The other character agrees that this is a good definition, and a worthwhile type of hope to have and to practice. But then he describes another type of hope that is more personal. It is based not on an abstract “foundation of what is known” but on a personal relationship. This deeper hope is rooted in trust. We hope in something because we trust a person. Returning to the thought of waiting, we are willing to wait in hope for something or somehow because we have reason to trust that someone. This later deeper hope is the hope celebrated and remembered in Advent.
But now Advent is over. Christmas is here. Hope in part comes from, and ultimately leads back to, delight. For families that celebrate Christmas, it is wonderfully illustrated in the delight of a child on Christmas morning. For me, it is also captured by the delight I feel when I briefly hold that beautifully colored brook trout, or Alaskan Dolly Varden char, and admire the magenta or red pearls sewn onto the dark green dress that adorns her sides before letting it slip out of my fingers back into the water. Or the delight in watching a 600-pound brown bear leap full on into a pool in the river and come out with a bright red sockeye salmon in its jaw.
Two others of my favorite authors, the 20th Century poet, essayist and fantasist C.S. Lewis, and the 19th Century Scottish novelist and fairy tale writer George Macdonald (whose works profoundly influenced both Tolkien and Lewis), wrote of delight as being fundamental to our lives. Delight is the opposite of possessiveness.

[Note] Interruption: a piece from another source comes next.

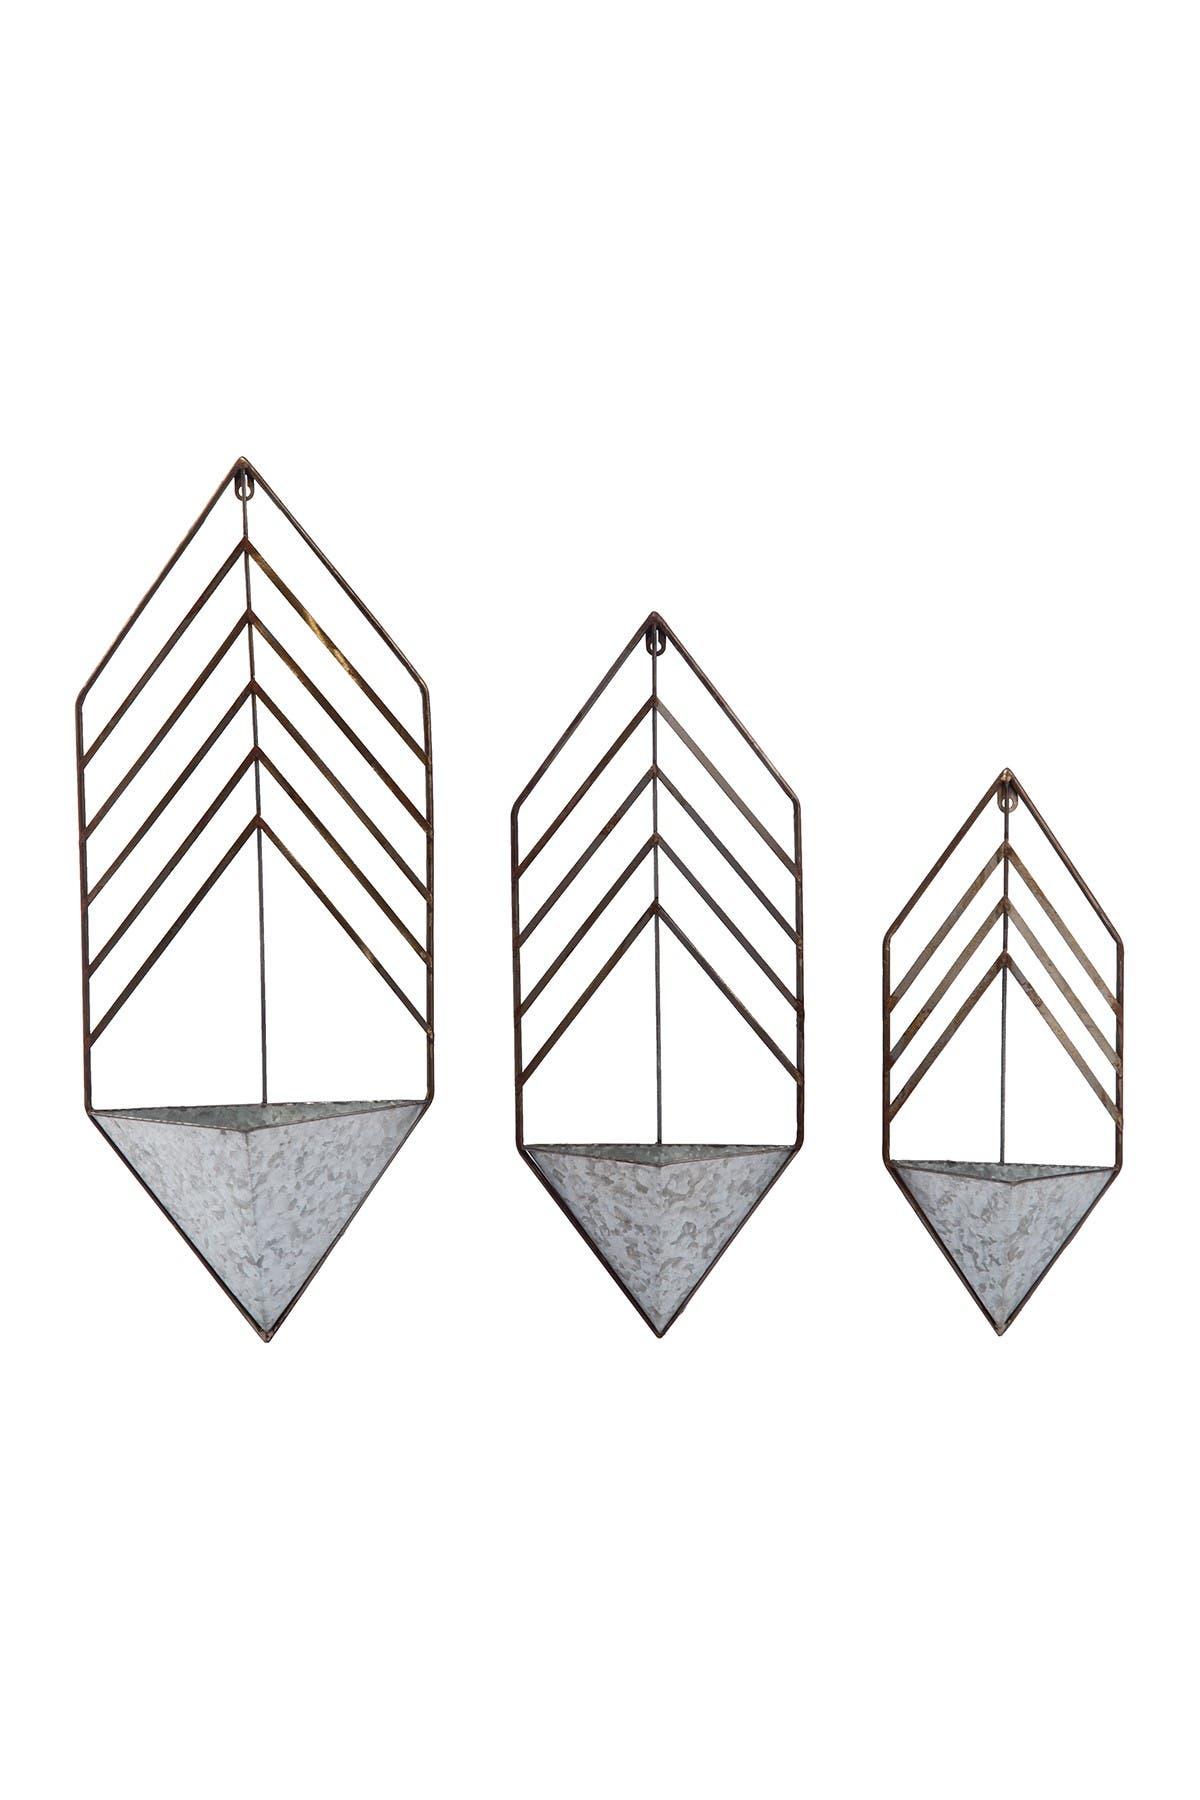 Image of Transpac Metal Galvanized Nested Planter - Set of 3

When we desire to possess something, any happiness it might bring us is fleeting and always tinged with jealousy and fear that we might lose it, or unhappiness if it belongs to somebody else. By contrast, delight is in the thing itself. I can delight, without any thought of possession, in the sunrise or sunset or the white blanket that covers the top third of Mount Abe as it towers majestically over the Bristol Gap.
As such, delight is not merely a feeling, but a decision: a virtue we need to practice.
Peter Kreeft, one of my favorite philosophers and a scholar of the writings of Lewis and Tolkien once described love as a fountain flowing and lust as a toilet bowl flushing. The former keeps pouring forth freshness into the world. The later sucks everything down into itself. Delight is like love. As hope is to the waiting of Advent (to the promise of my next trip to Alaska or my next May morning standing in the Middlebury River), so delight is to the enjoyment of all outdoor sports, as it is to the joy of Christmas morning.
Indeed, the practice of delight rather than the lust for possession may be the best hope we have as a nation and a world for the coming year, the coming decade, the impending future.